# DistilBART-CNN-12-6 - Text Summarization with Amazon SageMaker and Hugging Face

- [Text summarization with Amazon SageMaker and Hugging Face](https://aws.amazon.com/blogs/machine-learning/text-summarization-with-amazon-sagemaker-and-hugging-face/)

**Settings:**
- PyTorch `1.10`, Python `3.8` CPU Optimized

**Versions:**
- transformers `4.23.1`
- torch `1.10.2+cpu`
- Python `3.8.10`

In [None]:
!pip install transformers

In [None]:
!pip install -U sagemaker

In [None]:
!pip install -U boto3 awswrangler

In [5]:
import pandas as pd
import sagemaker
import transformers
from transformers import pipeline
import awswrangler as wr

In [6]:
print(transformers.__version__)

4.24.0


In [7]:
!pip3 show torch

Name: torch
Version: 1.10.2+cpu
Summary: Tensors and Dynamic neural networks in Python with strong GPU acceleration
Home-page: https://pytorch.org/
Author: PyTorch Team
Author-email: packages@pytorch.org
License: BSD-3
Location: /opt/conda/lib/python3.8/site-packages
Requires: typing-extensions
Required-by: awsio, torchvision


In [8]:
!python3 -V

Python 3.8.10


___
## Import data

In [None]:
role = sagemaker.get_execution_role()
data_location = 's3://datasets/text_summarization/corpus/corpus.csv'

df = pd.DataFrame(pd.read_csv(data_location))

In [None]:
print(df.shape)
df.head()

## Hugging Face summarization pipeline

In [None]:
summarizer = pipeline("summarization")
summarizer("An apple a day, keeps the doctor away", min_length=5, max_length=20)

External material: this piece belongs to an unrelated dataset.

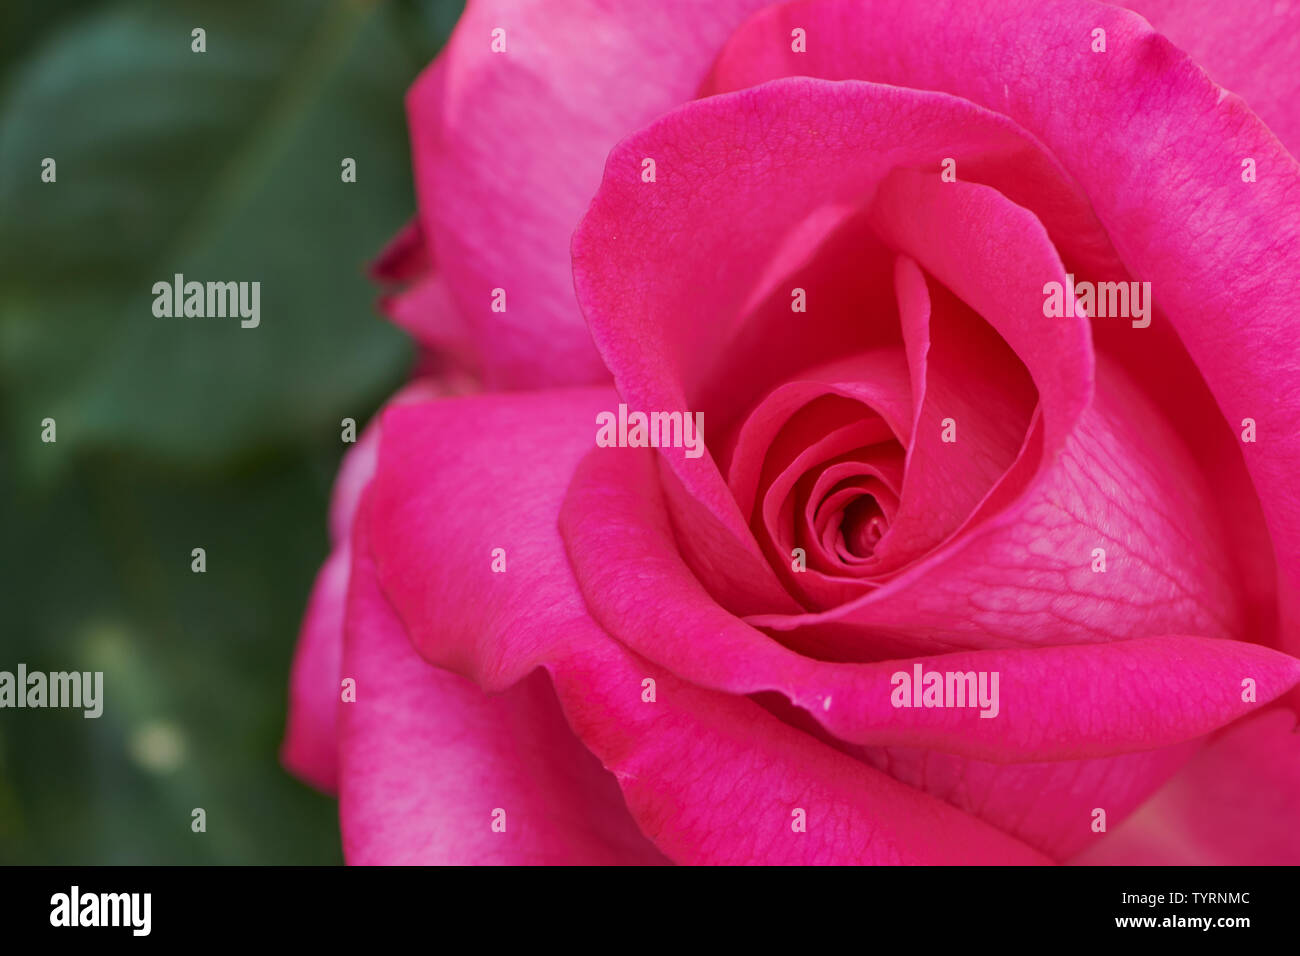 macro of a pink rose with the name: Parole Stock Photo

## SageMaker endpoint with pre-trained model

In [11]:
from sagemaker.huggingface import HuggingFaceModel
from sagemaker import get_execution_role

In [12]:
role = get_execution_role()

# Hub Model configuration. https://huggingface.co/models
hub = {
  'HF_MODEL_ID':'sshleifer/distilbart-cnn-12-6',
  'HF_TASK':'summarization'
}

# create Hugging Face Model Class
huggingface_model = HuggingFaceModel(
    transformers_version='4.17.0',
    pytorch_version='1.10.2',
    py_version='py38',
    env=hub,
    role=role,
)

# deploy model to SageMaker Inference
predictor = huggingface_model.deploy(initial_instance_count=1,instance_type="ml.m5.xlarge")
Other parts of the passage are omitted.